HOW TO COMPLETE THIS TASK: Entries below include pictures. Output exactly the lines from the one with "幼儿园传统节日主题文化成品墙面装饰新年元旦环创走廊布置材料画" down to the one with "邪恶漫画爆笑囧图第328刊：妻子的欲望", both ends included, and leave the pictures out.
Top of RECORDS FOR THIS EXERCISE
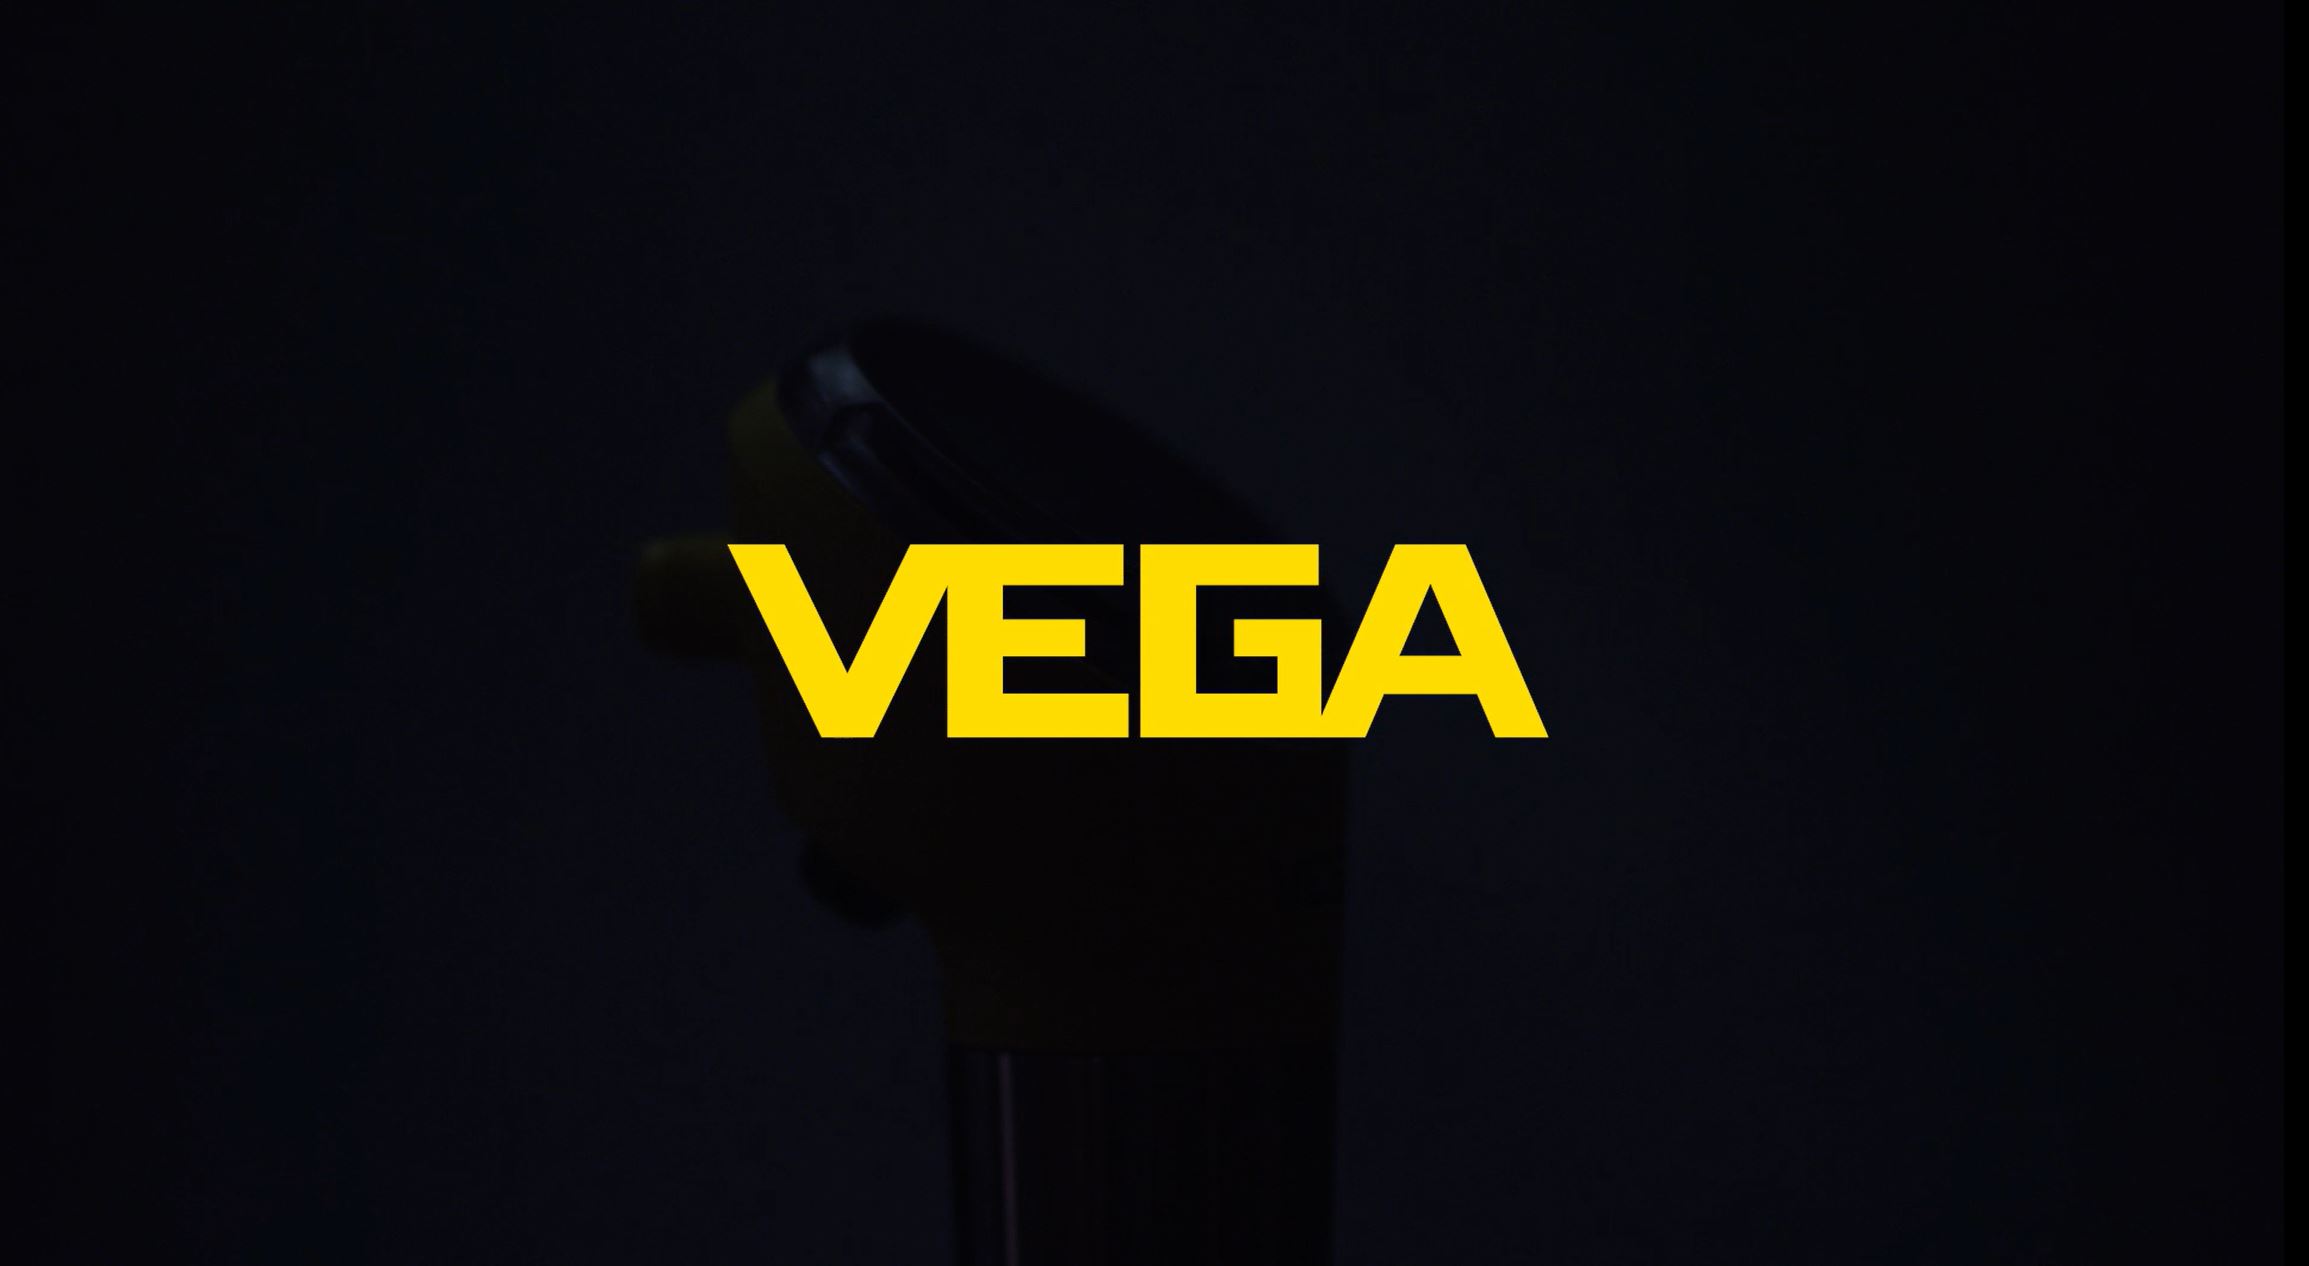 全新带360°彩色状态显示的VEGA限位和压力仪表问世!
Bottom of RECORDS FOR THIS EXERCISE
Top of RECORDS FOR THIS EXERCISE
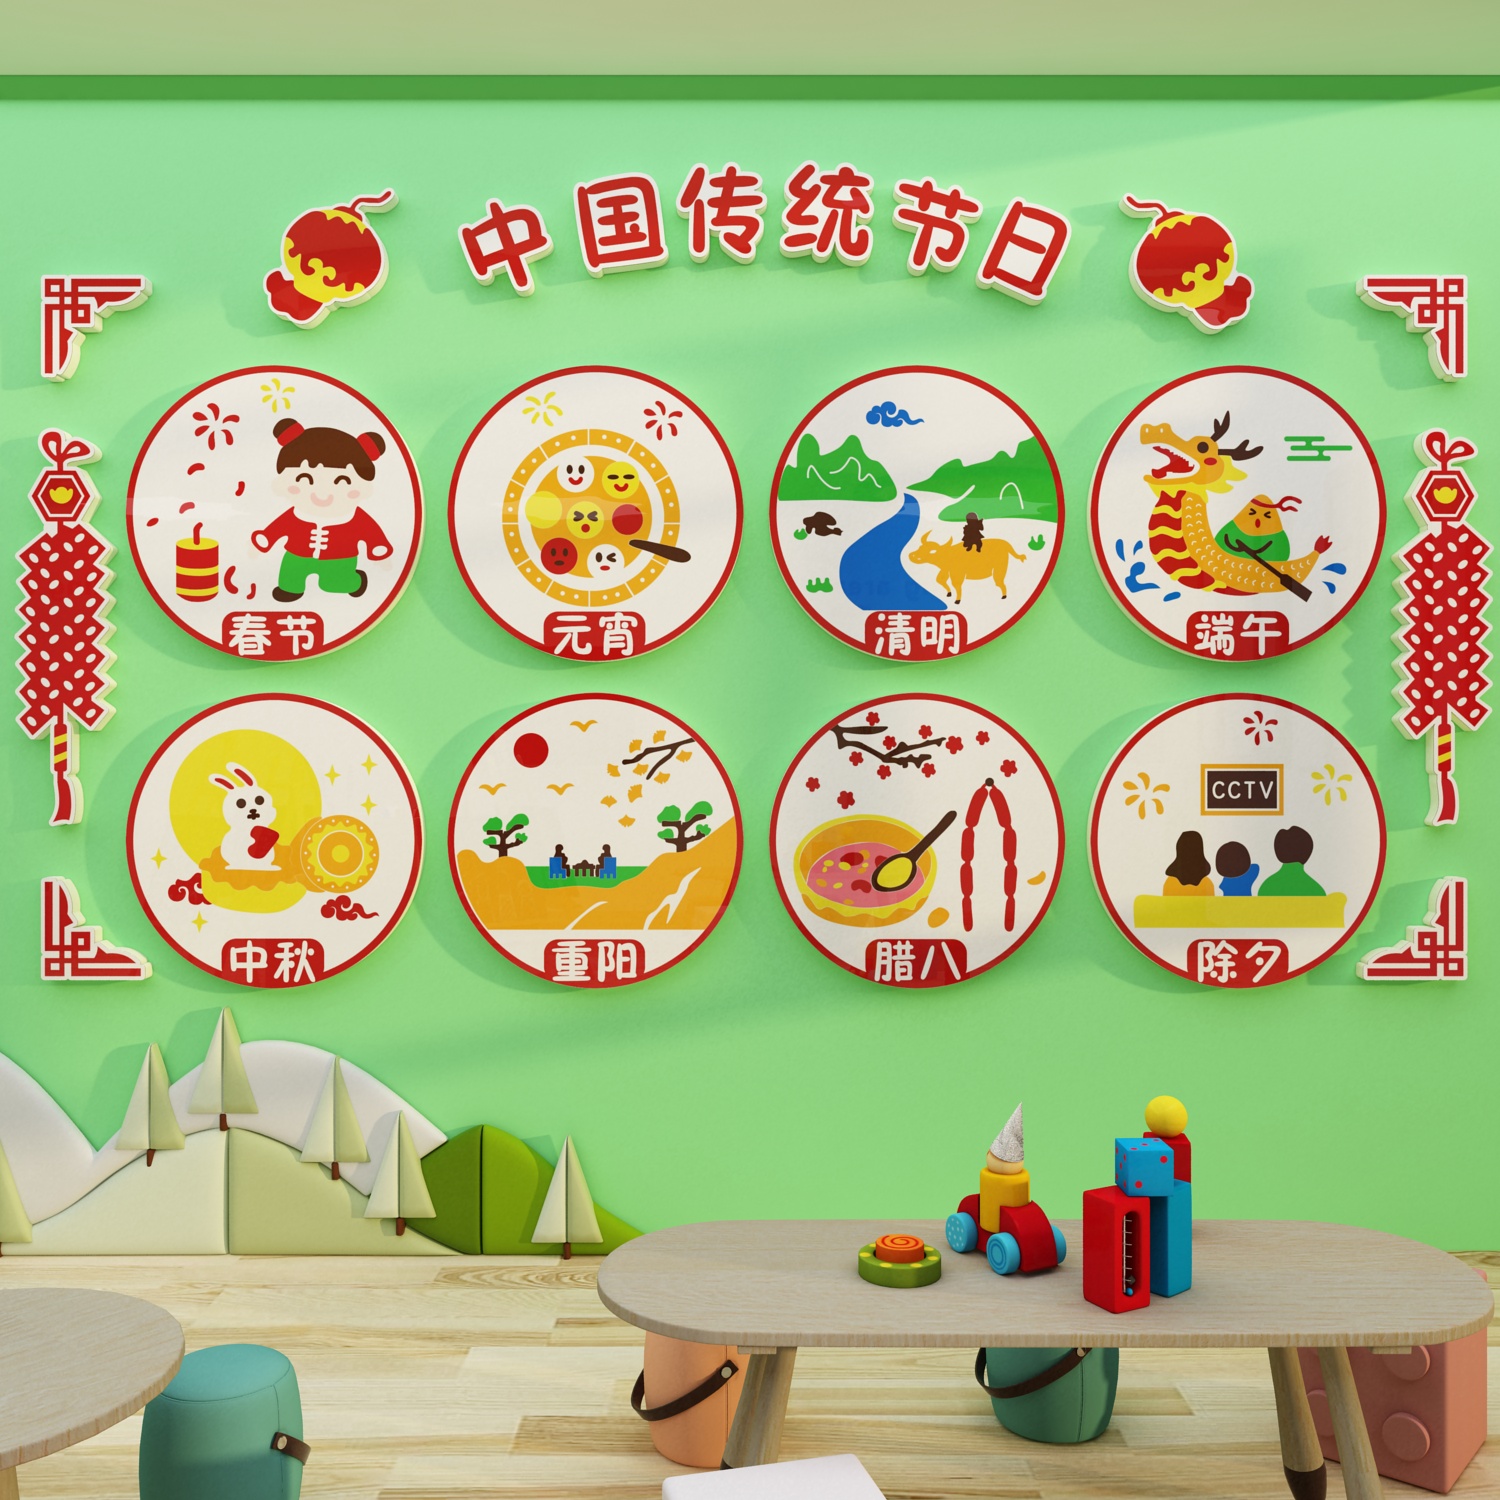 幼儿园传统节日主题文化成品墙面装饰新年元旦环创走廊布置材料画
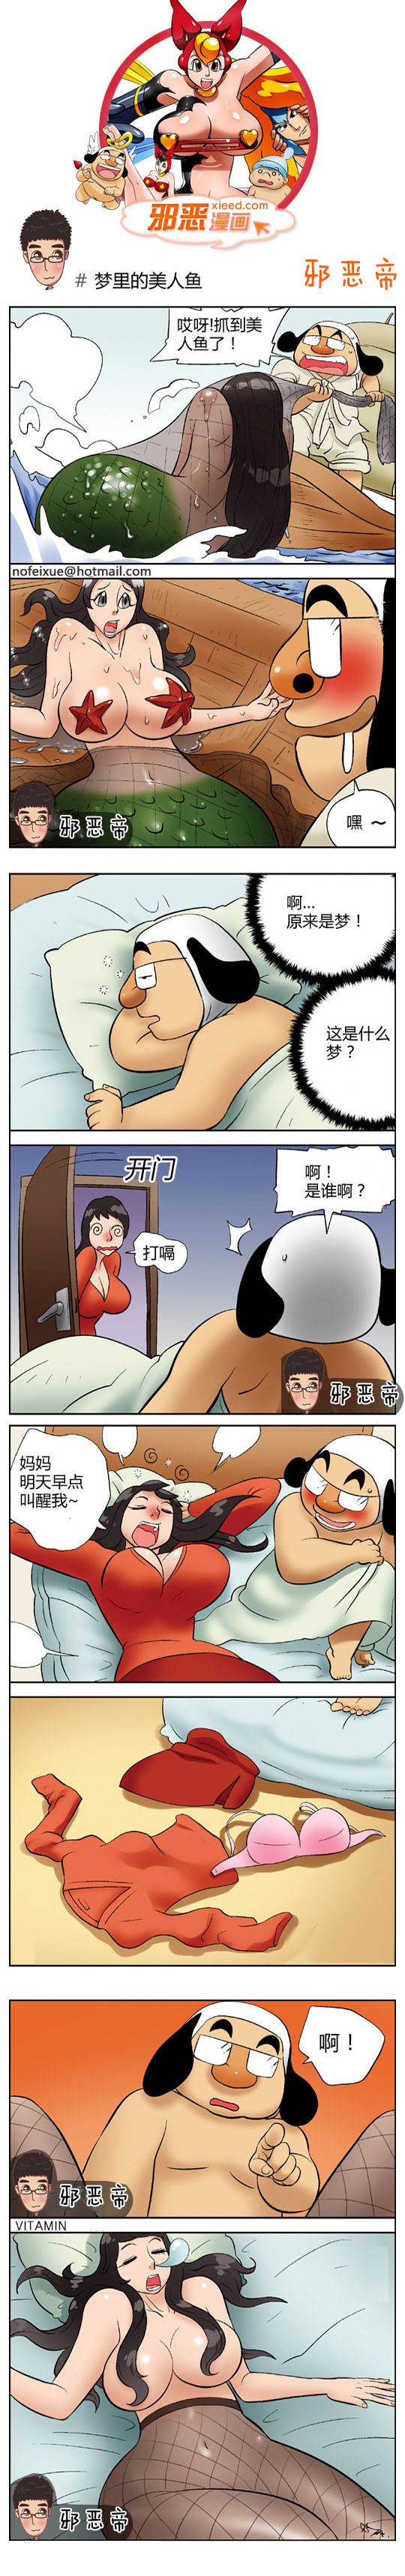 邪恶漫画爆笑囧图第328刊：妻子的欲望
Bottom of RECORDS FOR THIS EXERCISE
REPLY TO THE EXERCISE:
 幼儿园传统节日主题文化成品墙面装饰新年元旦环创走廊布置材料画
 邪恶漫画爆笑囧图第328刊：妻子的欲望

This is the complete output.